Ces sources sont aussi diverses que peut laisser entendre leur énumération. Certaines sont uniquement textuelles, d’autres associent mots et images, d’autres enfin sont illustrées mais dépourvues de tout commentaire écrit, que ce soit parce qu’elles sont incomplètes (comme le Gladiatoria de Wölfenbüttel), ou parce que ce ne semble pas avoir été jugé nécessaire (comme le manuscrit MS CL23842 de Cluny). D’autres enfin sont lacunaires (BnF ms. fr. 1996 : les illustrations manquent), ont été réarrangés (BnF ms. lat. 11269, ou Royal Armouries Ms. I.33 par exemple). Le Ms_Best 7020 de Cologne a probablement été perdu dans l’effondrement du bâtiment qui l’hébergeait en 2009.

Certaines ont également des points communs, peuvent être rapprochées : les produits du même auteur par exemple sont à même de livrer des informations parmi les plus pertinentes ; on distingue ainsi chez Talhoffer une réelle évolution de son exposé, contenant comme contenu. Les sources peuvent, et doivent, être regroupées selon les éléments qui les composent, : ainsi les glossateurs de Johannes Liechtenauer peuvent-ils être considérés avec leurs similitudes comme leurs différences comme appartenant à un même courant. De même, les parallèles entre diverses sources ont mis en évidence l’existence de liens certains entre elles, et suggéré la possibilité de choses encore à découvrir.

Face à leur diversité comme à leurs ressemblances, la manière de considérer chacune de ces sources doit donc être spécifique à leurs formes et éventuellement à leur histoire. Les images seules n’amèneront pas les mêmes questions que les textes illustrés. La connaissance, si possible, du contexte d’origine et de destination de ces documents est également un facteur pouvant influer sur l’interprétation et la considération du contenu. La mise en relation d’une source par rapport à l’autre peut également contribuer à éclairer ou compléter la compréhension de celles-ci.

Ces mécanismes nécessitent naturellement une approche pluridisciplinaire, et un travail complexe et de longue haleine. Une phase intellectuelle préalable d’analyse et de conceptualisation, d’abstraction de l’information perçue est alors nécessaire, avant toute autre chose. La prise en compte de tous les indices amenés par le support (texte, images, etc..) est indispensable. Cette phase peut être enrichie par la comparaison ou le travail simultané avec des éléments similaires issues du même document ou de documents proches par la destination, la circonstance, l’équipement. Le risque au moment de cette réflexion est d’y voir intervenir des phénomènes perturbants liés au statut particulier d’observateur et d’outil de travail : par exemple, de vouloir voir ou comprendre quelque chose qu’on souhaite, consciemment ou non, trouver dans la pièce considérée, et qui peut par exemple être issue d’une autre pratique martiale actuelle.

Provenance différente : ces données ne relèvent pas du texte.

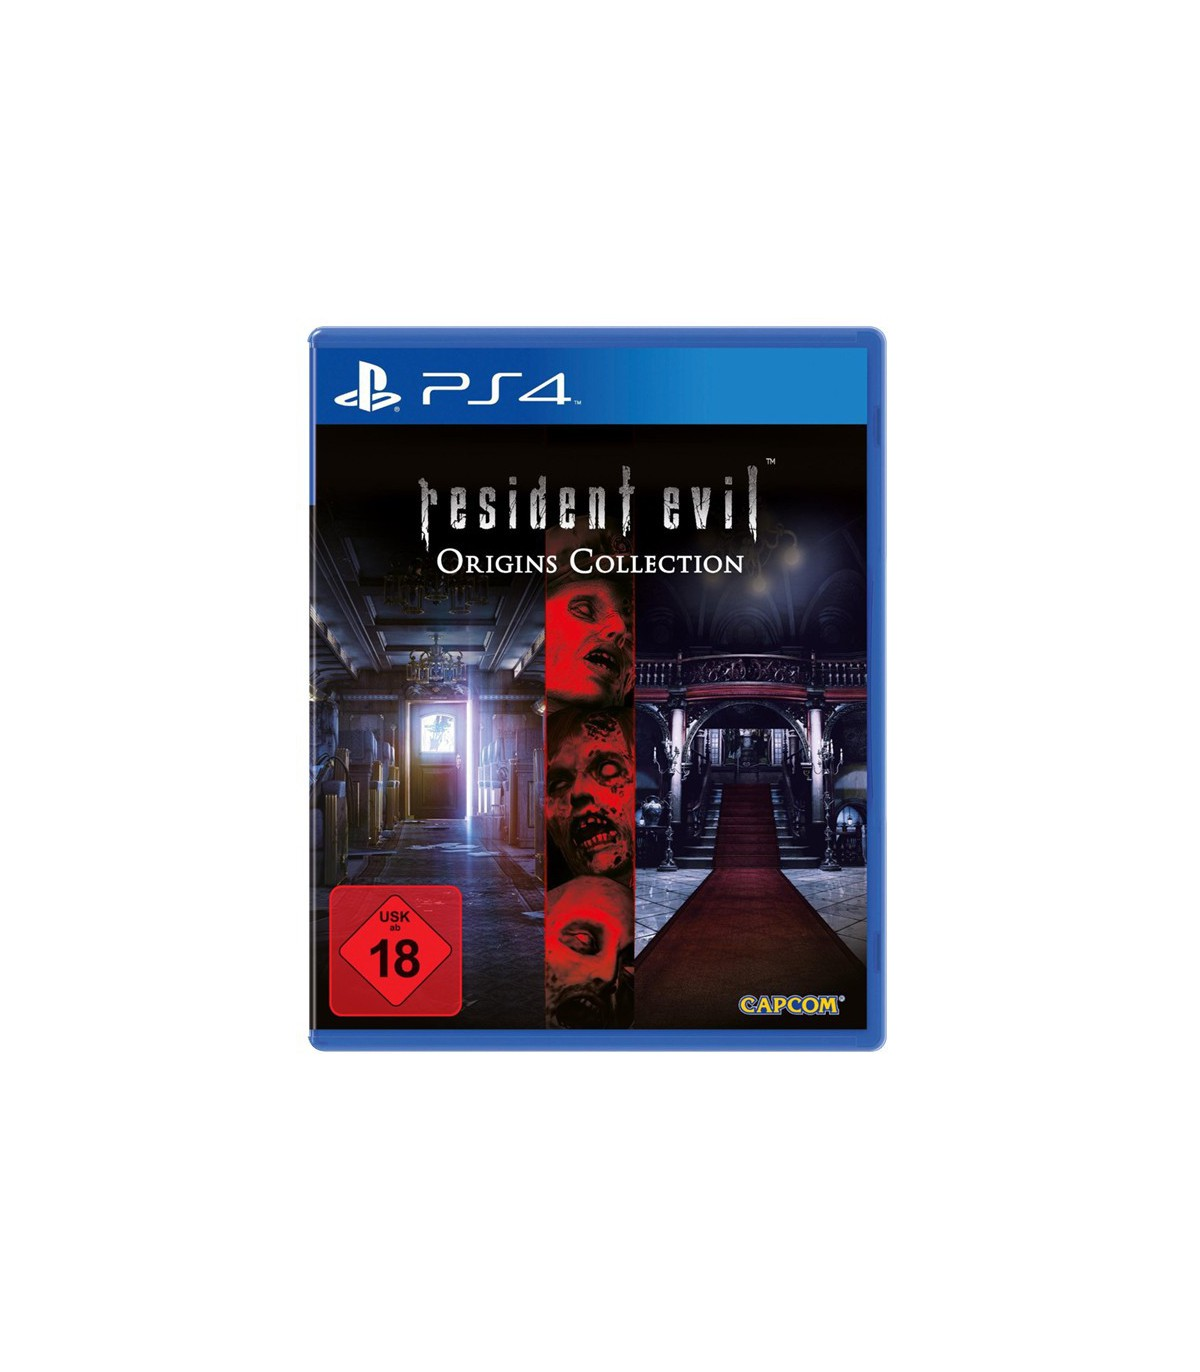 بازی Resident Evil Origins Collection کارکرده
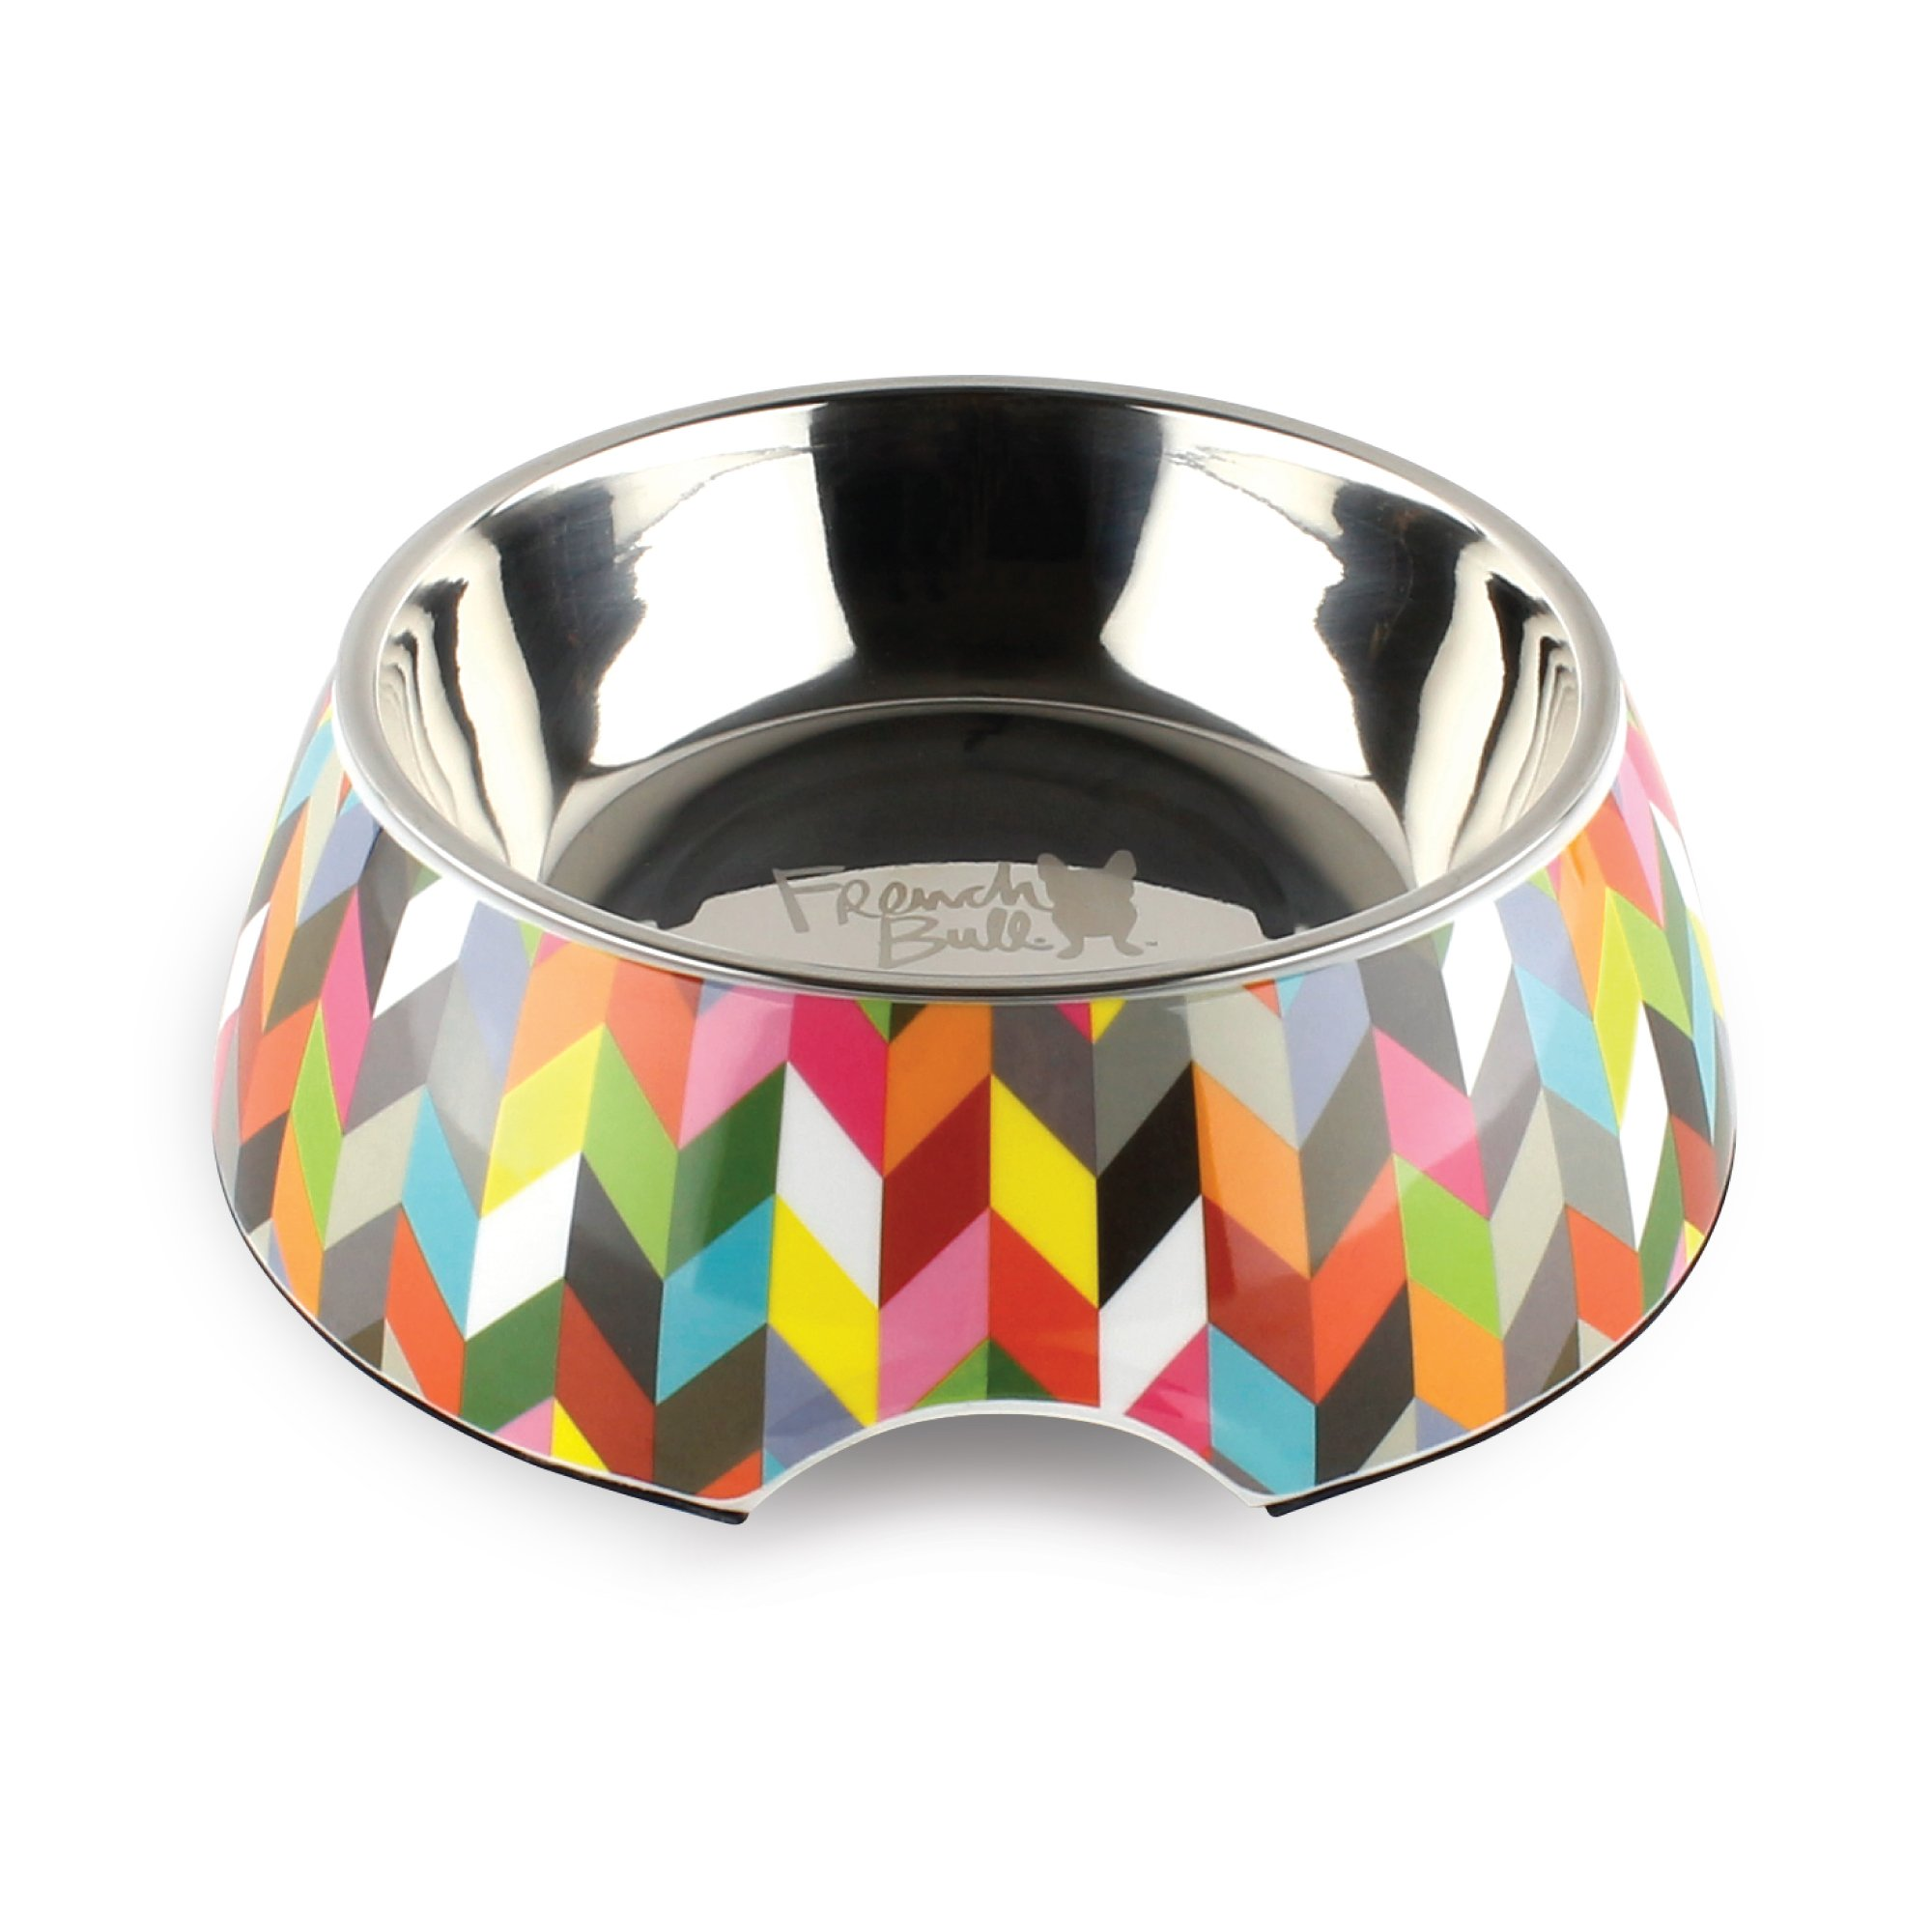 French Bull 12 oz. Pet Bowl, 2 Piece - Dog, Cat, Feeder, Nonslip, Stainless Steel, Raised - Ziggy

Cependant, cette phase immobile ne peut représenter l’unique partie de la démarche de compréhension de ces savoir-faire. L’étape physique est nécessaire. Le principal problème a surmonter alors est celui de l’homme et du non-dit. Car les auteurs de ces sources s’adressaient à un public dont les connaissances corporelles et probablement martiales même élémentaires n’étaient pas les mêmes que celles d’un homme de notre temps. Sans vouloir établir de mauvais parallèles, l’épée leur était aussi familière que pour nous une automobile. Les mécanismes de fonctionnement, ou plutôt l’appréhension implicite de l’objet par ses contemporains fait que ceux qui n’appartiennent pas au même temps, aux même Zeitgeist, n’ont pas les bases implicites de ce qu’ils essayent de comprendre, de ce qui leur est livré. Même si l’épée fait partie, de bien des manières, de notre culture, peu sont ceux qui savent intuitivement s’en servir, peu sont ceux à qui elle est naturellement familière.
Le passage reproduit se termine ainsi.